I have better luck in my Batman t-shirt and jeans in a bar than any other outfit. Maybe chicks just really dig the Dark Knight (like me).

My friend Lisa put it very eloquently. This is my time. I am an only child for the first time on my life. Everything is mine mine mine! I have my house that I’m free to do whatever I want with. I can live my life by the moment like I’ve always want to. Thanks Lisa. You’re the best. Even if you are a little crazy.

I’m very excited about my new house. It’s not actually new, but it’s pretty much a clean slate. She left and took all the crap that I didn’t like. This makes room for my moose antlers and 7-foot long Golden Gate Bridge plans. Only problem is that it’s going to take me a while to get everything like I like it. I can’t just go buy everything right now, and that drives me crazy.

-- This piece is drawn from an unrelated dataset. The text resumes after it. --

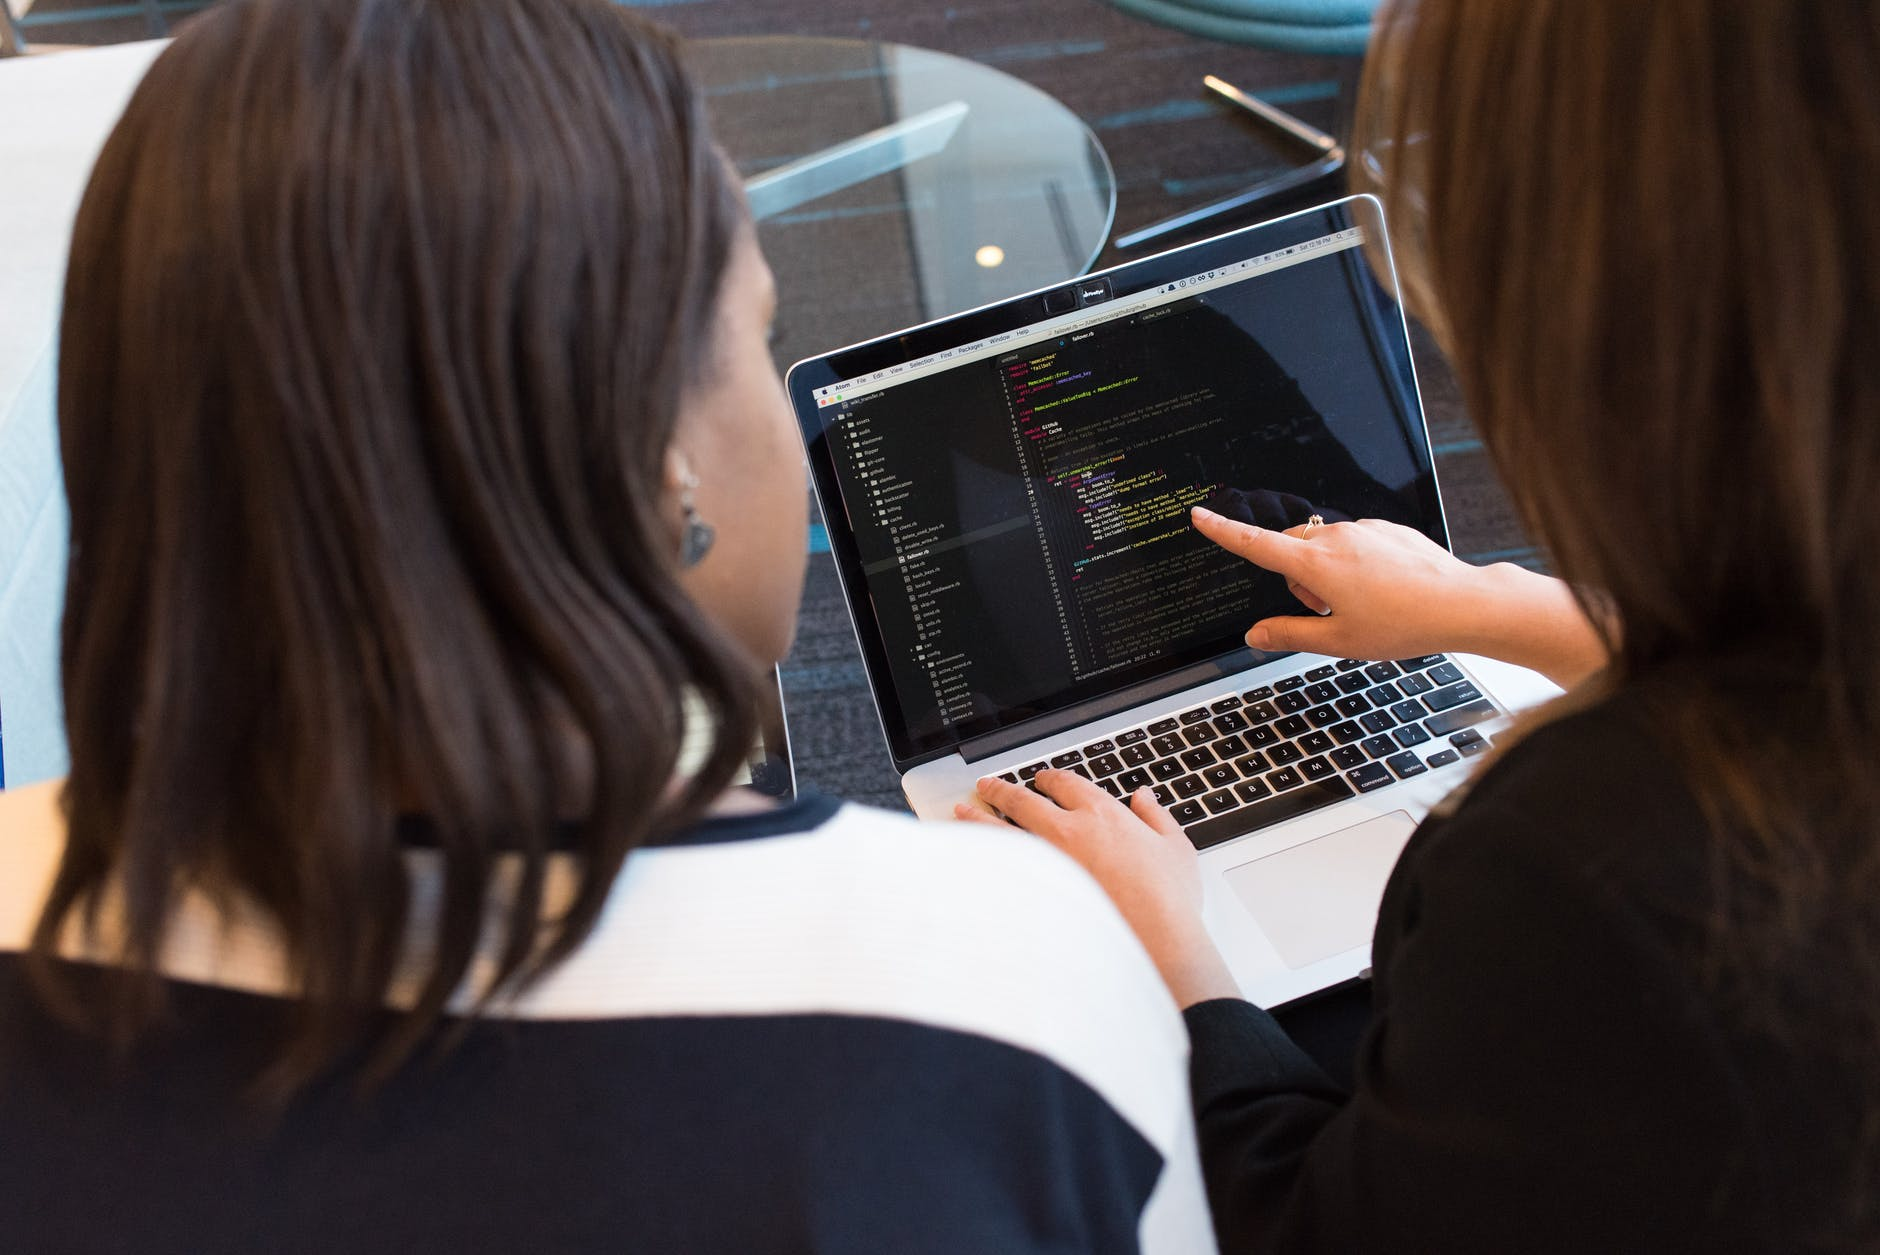 4 Best Screen Monitoring Software

I’ve always bought Men’s Health or Maxim at the airport to read on the plane. I’ve always taken their advice on women with a grain of salt. Having an anomaly of a partner that goes against all logic (and Maxim tactics) for so many years, I had no clue what they’re talking about in these articles, so it couldn’t be true. None of this shit would work on any woman I thought. In the last few months, and many experiments, I’m here to tell you my unclimactic results. It’s about 70% successful. Granted it’s apples to oranges because every girl is different, and I’m definitely not the hottest guy in the place (like Maxim would have you believe).

One thing I’ve learned that I never thought was true. Women really do like assholes, especially the hot, seemingly unapproachable, high maintenance, Dallas girls. Who knew me saying “why don’t you buy ME a drink?” would be successful? But it is.

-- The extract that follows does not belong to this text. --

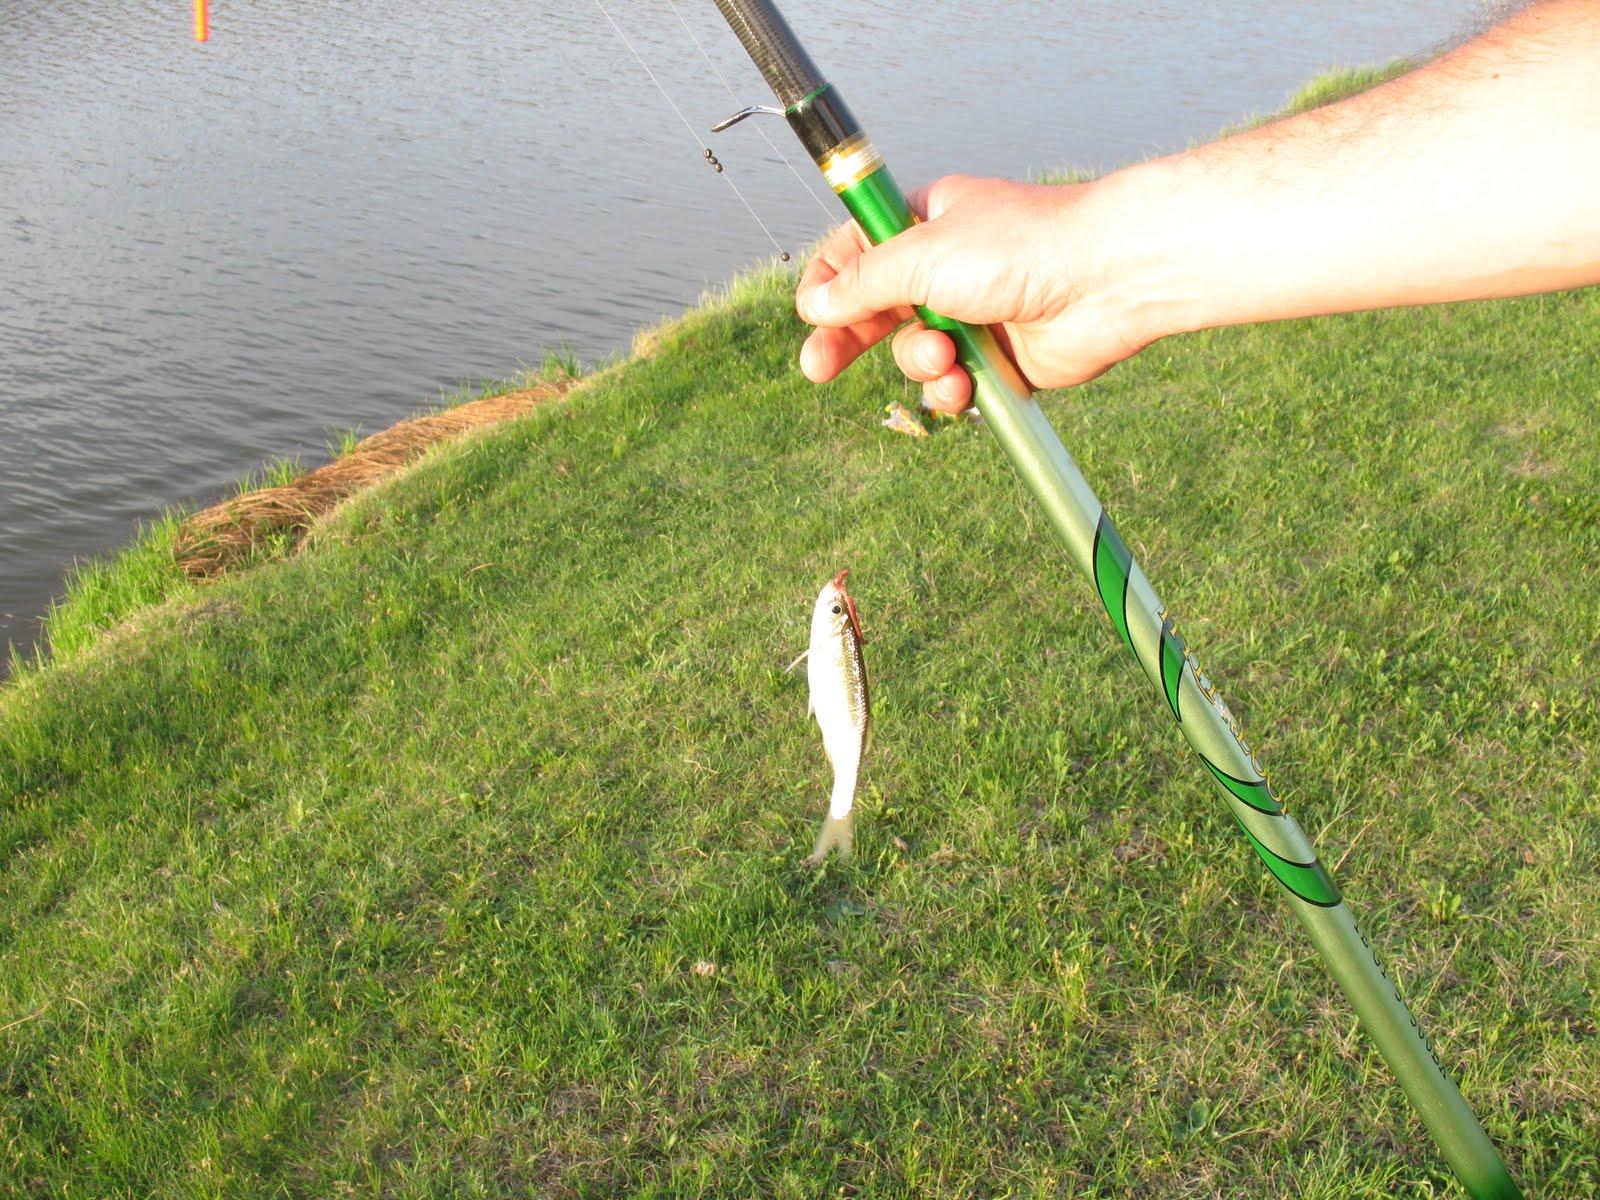 собираем спиннинг на рыбалку

Then I go to California. Fully expecting my work in Dallas to be no match for CA girls. First night out and I was proven correct. These girls weren’t even that hot, but you couldn’t tell them that.

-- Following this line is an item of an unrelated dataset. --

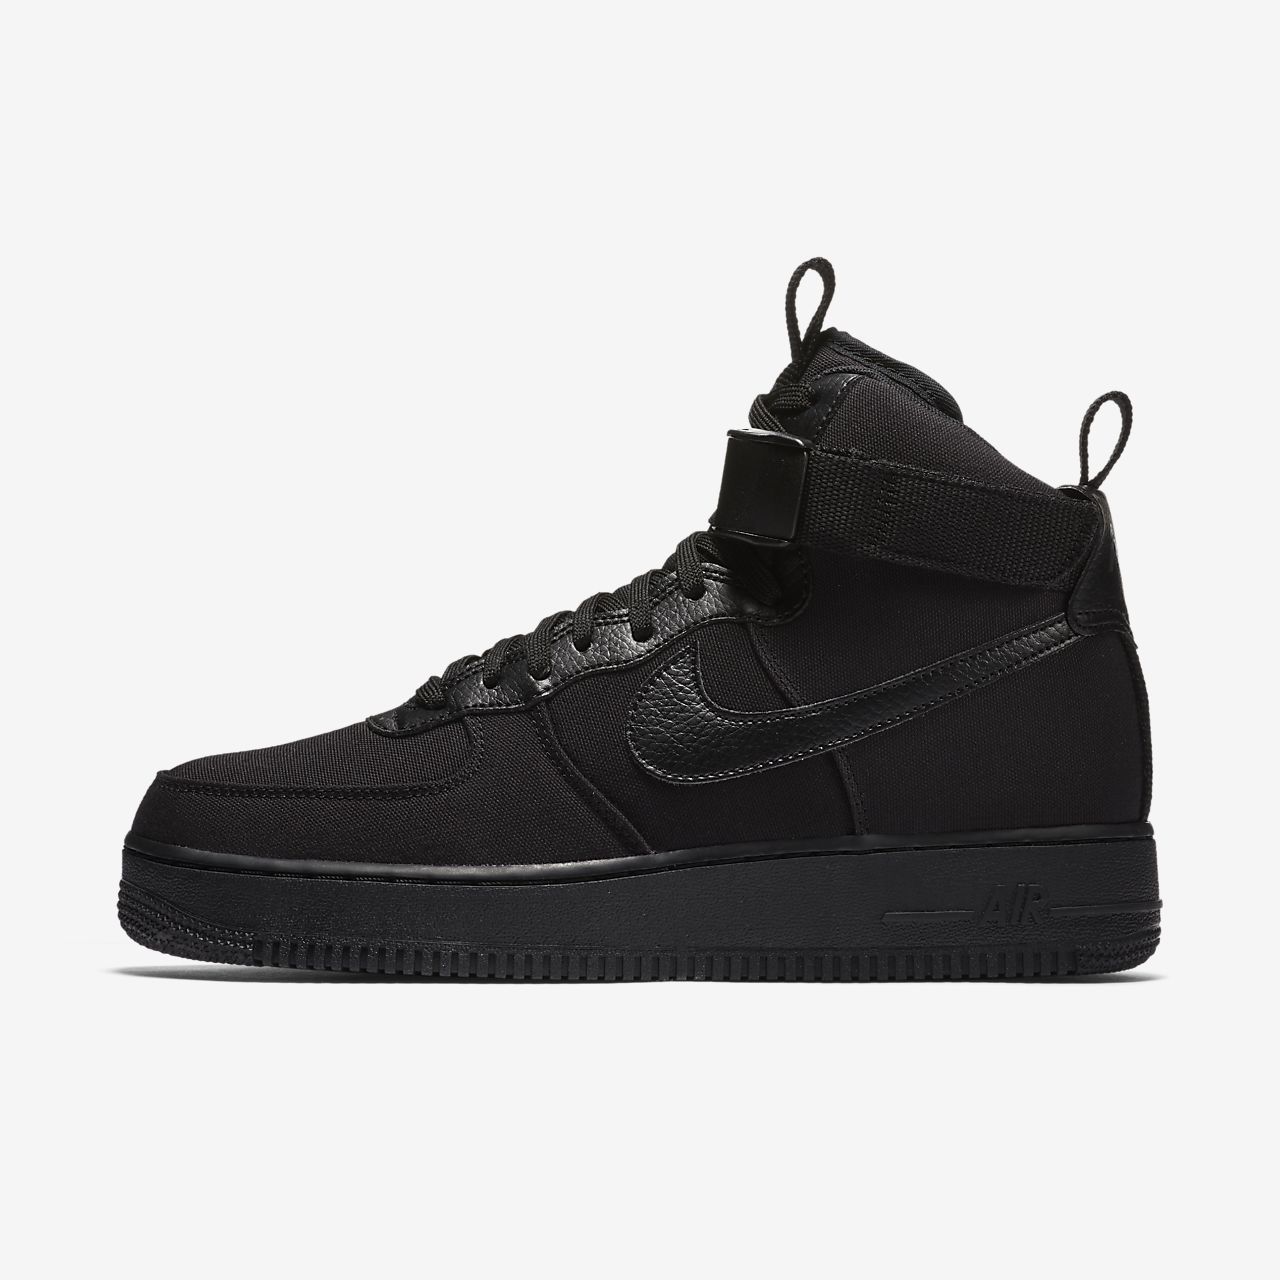 brand new dc3b7 8323e Nike Air Force 1 Anthracite Black

Sometimes you just stumble upon the best opening lines, literally. I met this girl my second night in CA by accidentally stepping on her toes. I swear it was an accident. I have big feet, can’t help it. (I don’t like the term pick-up lines because it’s not about "picking-up") I have a hard time with that ice breaker. I really have nothing besides “hi”. It’s really up to the girl to say hi back AND something else to get me going.

Friday, September 14, 2007


Sense that last post was kind of a pooper, I thought I'd pick it back up again. I just want to give a HUGE thanks to everyone helping through this. The countless hours on the phone, IM, in my living room, dinners that you guys have put into to helping me really makes me feel loved. Love which I haven't felt in a long time. I consider you all my close family and can't wait to pay you back.

Let's get back to normal, shall we? I got a kick out of this.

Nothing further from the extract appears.